The Ethiopian runner pulled into town the night before the Rock ’n’ Roll Virginia Beach Half Marathon in 2009, tracked down Matt Turnbull and asked the man who recruits elite runners, “Where do I sleep?”
To which Turnbull, in town this week for Sunday’s Carlsbad 5000, said, “Who are you and what do you want?”
The woman, Teyba Naser, pitched her running résumé. Turnbull, familiar with her background, said yes, took her to dinner and put her up in a hotel.
“Next time you want to race, please get in touch with me earlier, and I’ll do whatever I can do,” said Turnbull.
Barely
four months later, Naser showed up at Rock ’n’ Roll Arizona, again at
the last minute, wanting to be comped for the marathon.
“This
is very unprofessional,” Turnbull said. “If you want to enter, you can
pay your $150 like everybody else. There’s the expo and here’s a taxi
phone number.”
The next day, Naser earned plenty to cover the hotel and taxi, winning the race.
“Made
me look like a (fool),” Turnbull said. “I knew she was good, but you
have to lay down the law a little bit or they’ll walk all over you.”

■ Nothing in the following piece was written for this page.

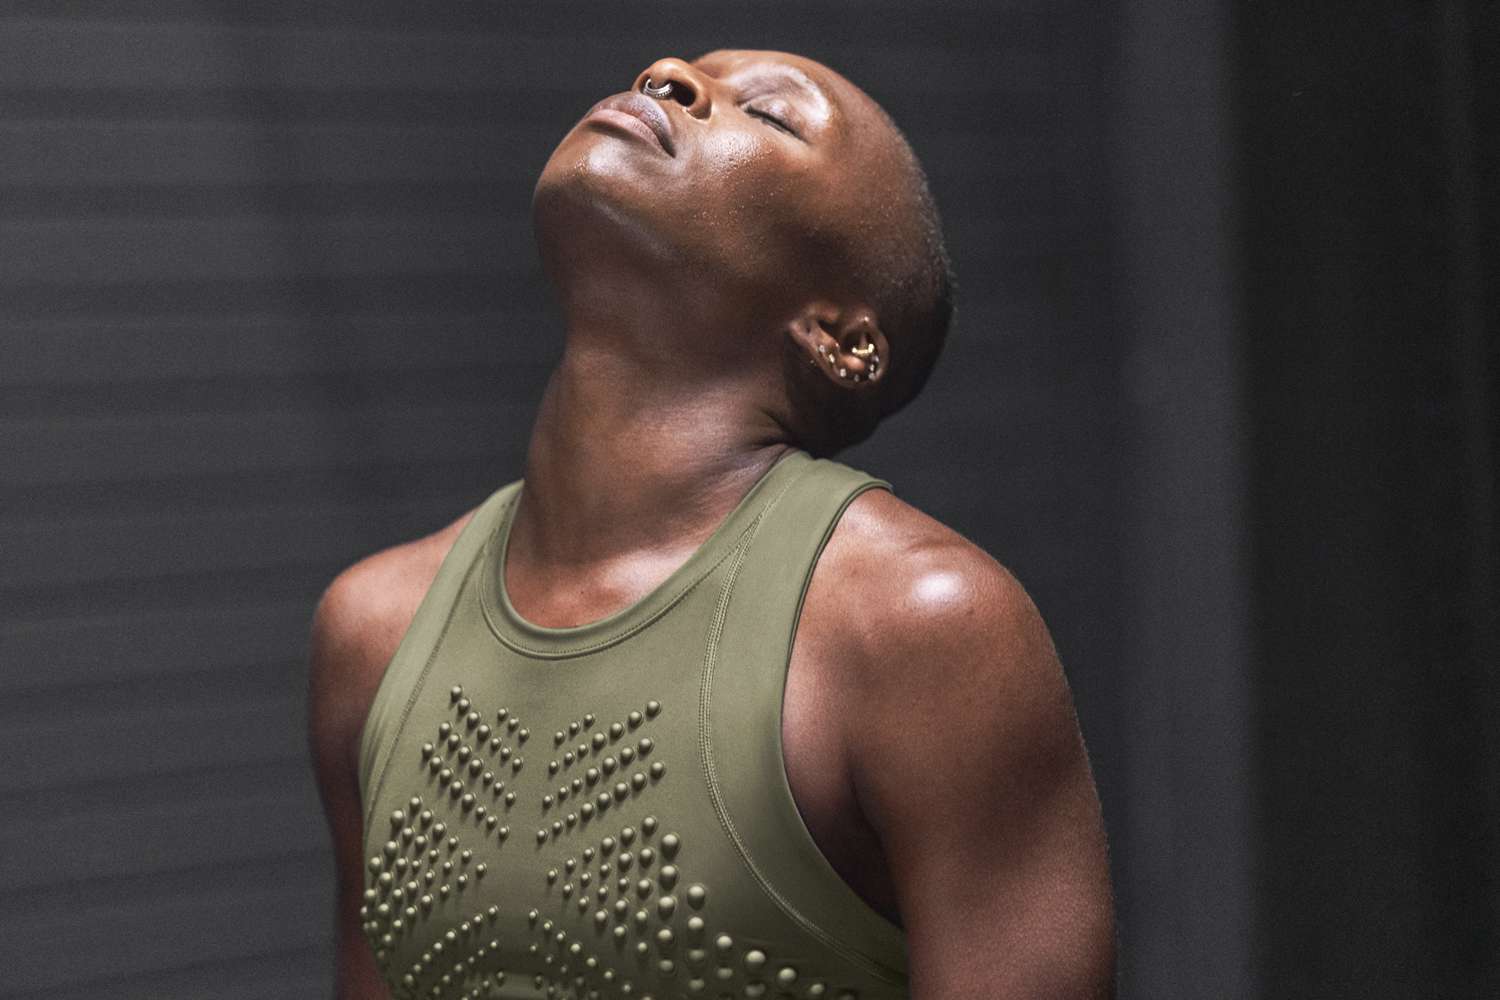 Cynthia Erivo launched fitness company, shares her journey

Naser, who had changed her name when she represented Bahrain, later went back to her Ethiopian name, Misiker Mekonnen. She has raced in other Rock ’n’ Roll series events, finishing second last June in San Diego.
Now, she gives Turnbull plenty of advance notice.
“And we pay her just to show up,” he said.
Overworked, underfed
Best tweet from the Final Four, from @StevePoliti of the (Newark, N.J.) Star-Ledger: “Rick Pitino just said sportswriters are ‘overworked.’ He elaborated, but I was eating nachos in the other room and didn’t have a pen.”
Hair today
Happiest person Antonio Garay
re-signed with the Chargers? His hair stylist. Given Garay’s weekly
colorful, intricate ’do, the stylist would’ve absorbed one heck of a pay
cut had the nose tackle skipped town.
Burning midnight oil
Before
the news conference commenced to announce the Olympic Trials triathlon
coming to San Diego in May, two-time Ironman Hawaii champ Scott Tinley
recalled his first stab as a race director. He was teaching sailing on
Mission Bay and his instructor told him to put on a race as a
fundraiser.
“So the night before, without a
race permit, realizing there were going to be 60 people here in the
morning, I got on the back of my Honda 60 scooter after a few beers at
Saska’s,” said Tinley, now a professor at San Diego State.
Using
the scooter’s odometer, Tinley marked every mile in chalk. Be it the
beer or the scooter’s odometer, the mile markers weren’t precise.
“Several people, including my brother, broke the 10K record that day,” Tinley said. “It was a 9.2K instead of 10K.”